2) Data model and contract metrics
2. 1 Naming and Tags
metric_name: singular verb/noun ('http _ requests _ total', 'cpu _ usage _ seconds _ total').
labels: attribute keys ('job', 'instance', 'dc', 'pod', 'status', 'method').
Invariants: do not change the semantics of the name, add versions ('metric _ v2') with incompatible changes.
2. 2 Types of rows
Gauge, Counter, Histogram/Summary, Event/Span.
For financials/densities - Fix units and aggregability (summed/averaged).
2. 3 Retention and Rollup Policy
Hot detail (seconds/1-10 min) → warm units (5m/1h) → cold (1d/1w).
For counter - store rate/deriv aggregates.
3) Recording path: reception, buffering, compact
3. 1 Ingest-pipeline
Scrape (pull, Prometheus) or push (OTLP/StatsD/Graphite), often via gateway/agent.
Buffering in WAL (write-ahead log), then compressing into segments/blocks (LSM-like architecture).
Batching and time sorting increase compression and speed.
3. 2 Handling out-of-order and takes
Tolerance window (lateness window, for example 5-15 min) + policy: 'drop | upsert | keep-last'.
Deduplication by '(series_id, timestamp)' with versioning or "last record wins."
3. 3 Compression
Delta-of-delta for timestamps, Gorilla/XOR for float, RLE and varint for integers, dictionary for tags.
The optimal block size ("chunk") of 1-8K points is a compromise between IOPS and CPU.
4) Storage schemes: TSDB vs SQL/columns
4. 1 Dedicated TSDB
Prometheus (local, short retention, PromQL, remote_write).

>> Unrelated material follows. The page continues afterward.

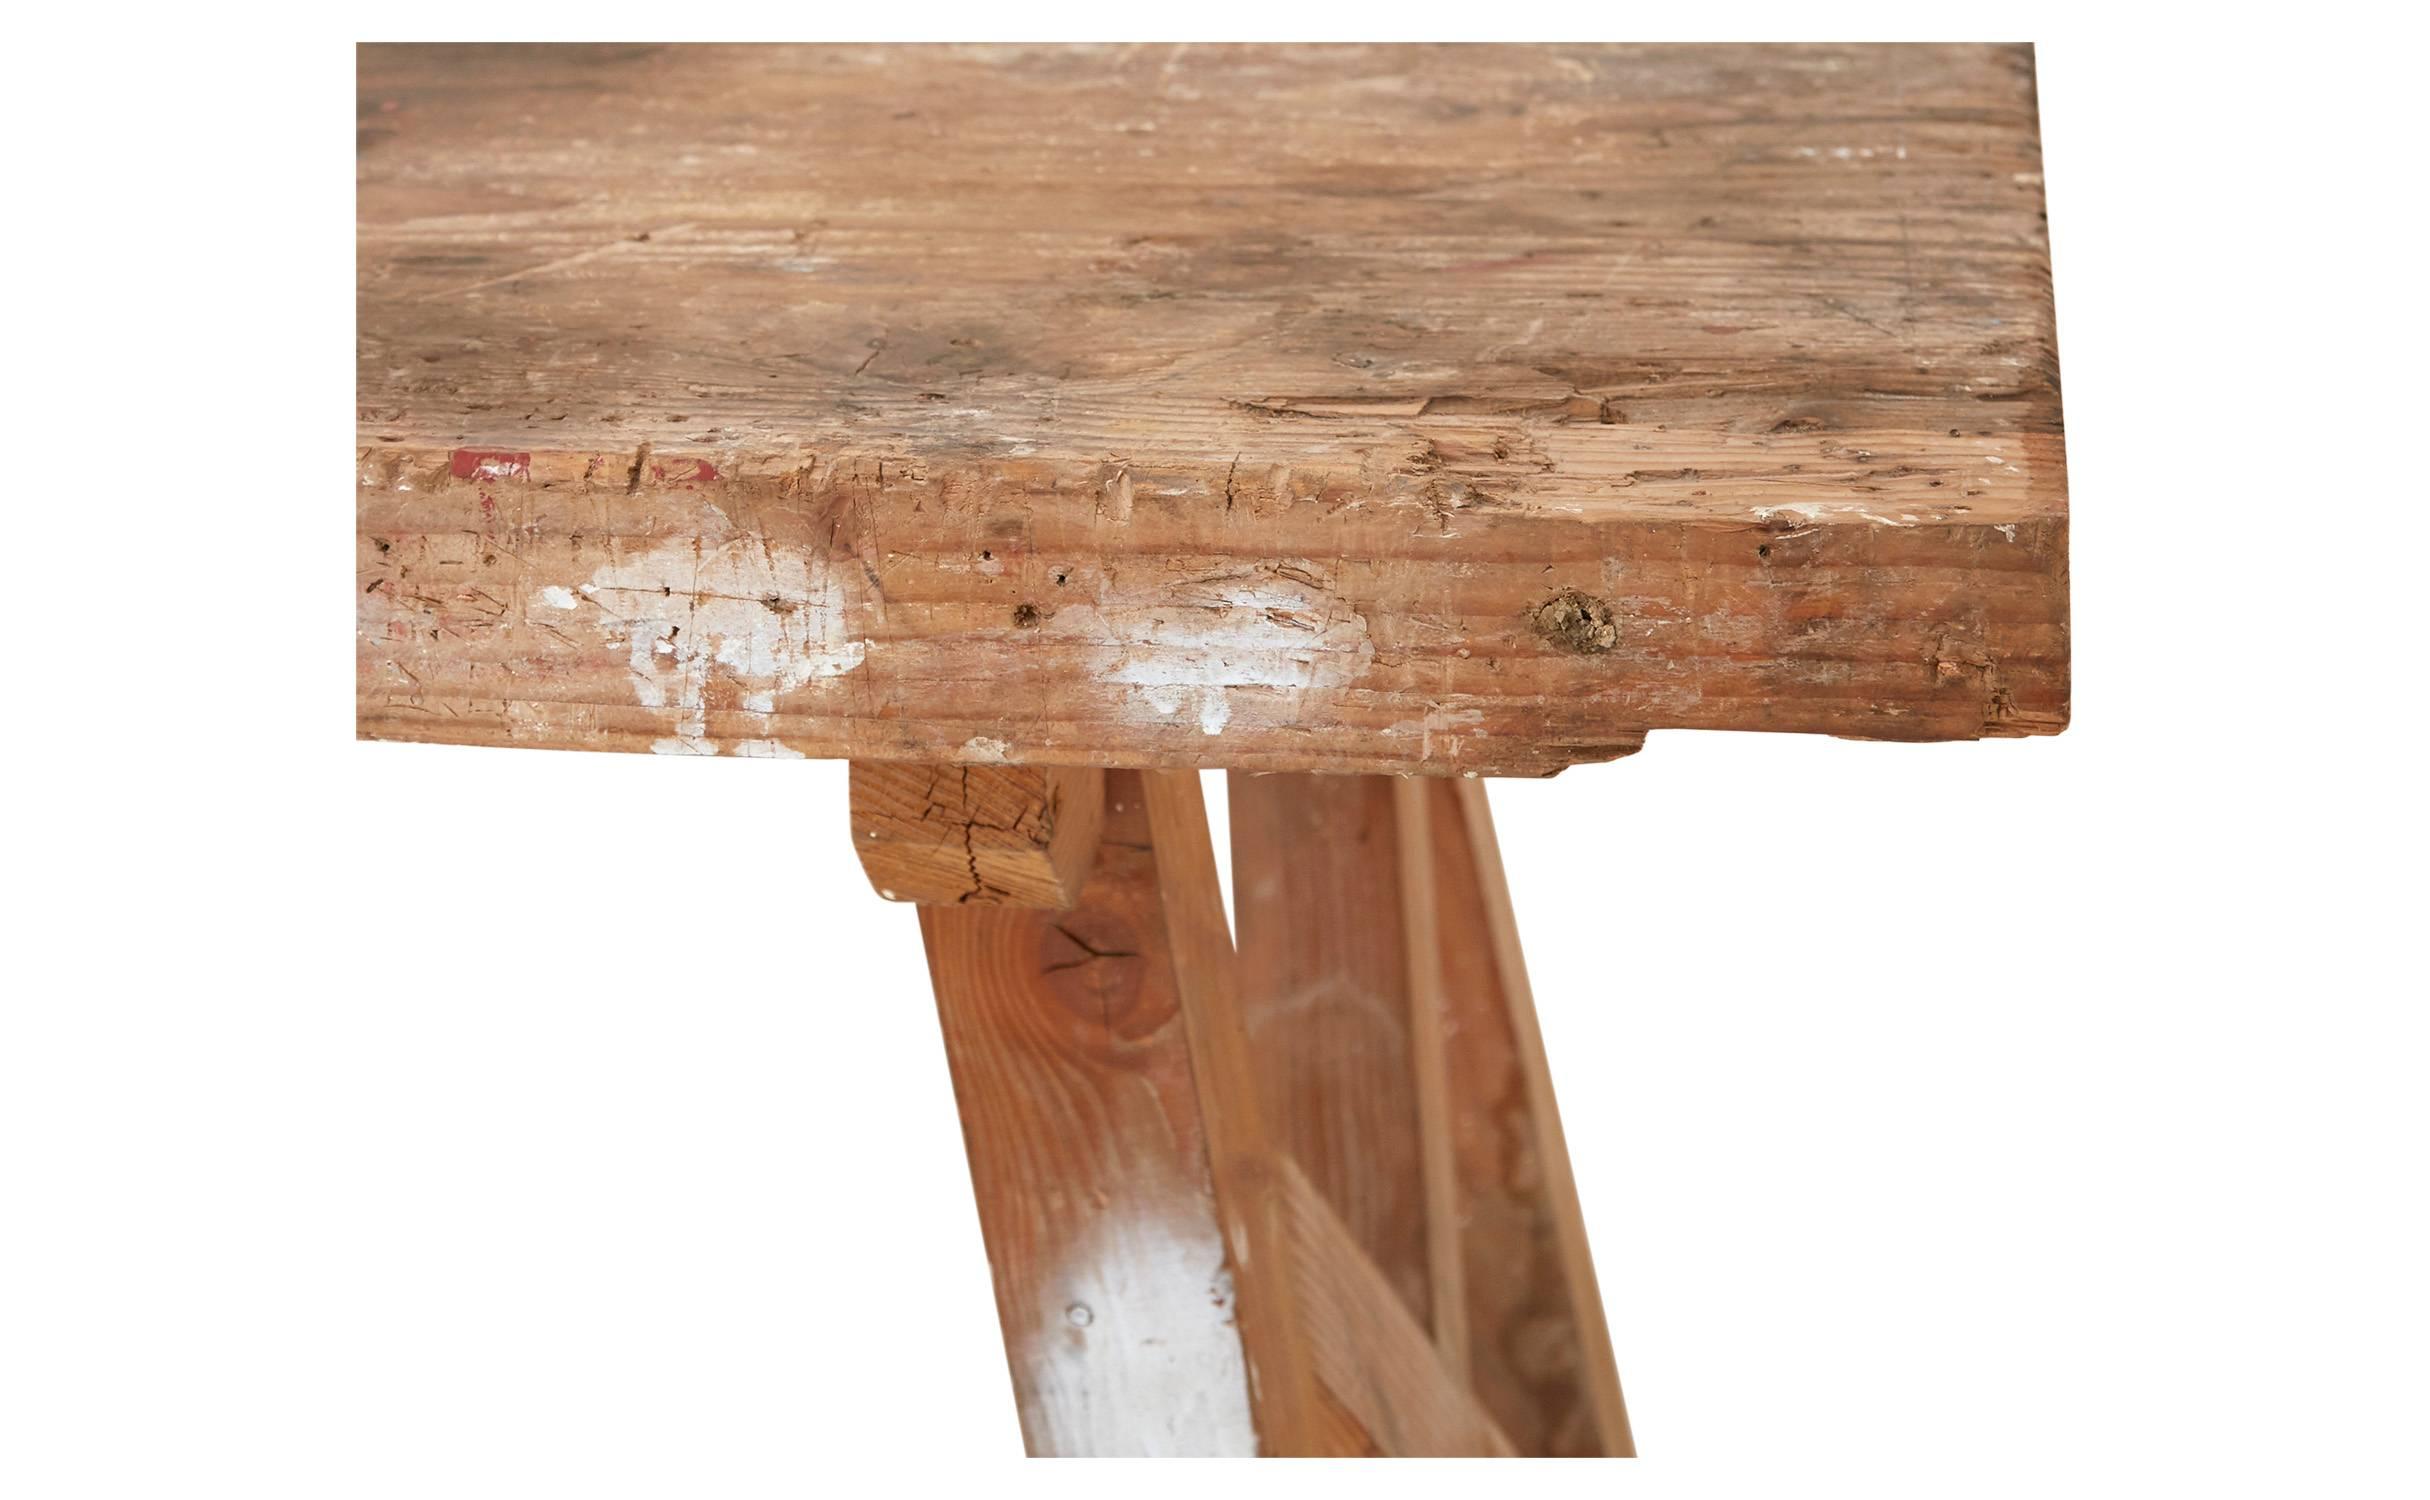 Crafted from wood in the 20th century, our weathered Vintage Carpenter Console was salvaged from a workshop in France. Naturally distressed after years of use, this sturdy worktable has taken on a nice patina over the years, with natural scratches,

VictoriaMetrics/M3/InfluxDB - horizontal scaling, long retention, remote read.
Block formats are optimized for range scan + tendering aggregations.
4. 2 Relational/column engines
TimescaleDB (PostgreSQL): hypertables, chunks by time/space, continuous aggregates.
ClickHouse: MergeTree/TTL/materialized views, excellent compression and time aggregation.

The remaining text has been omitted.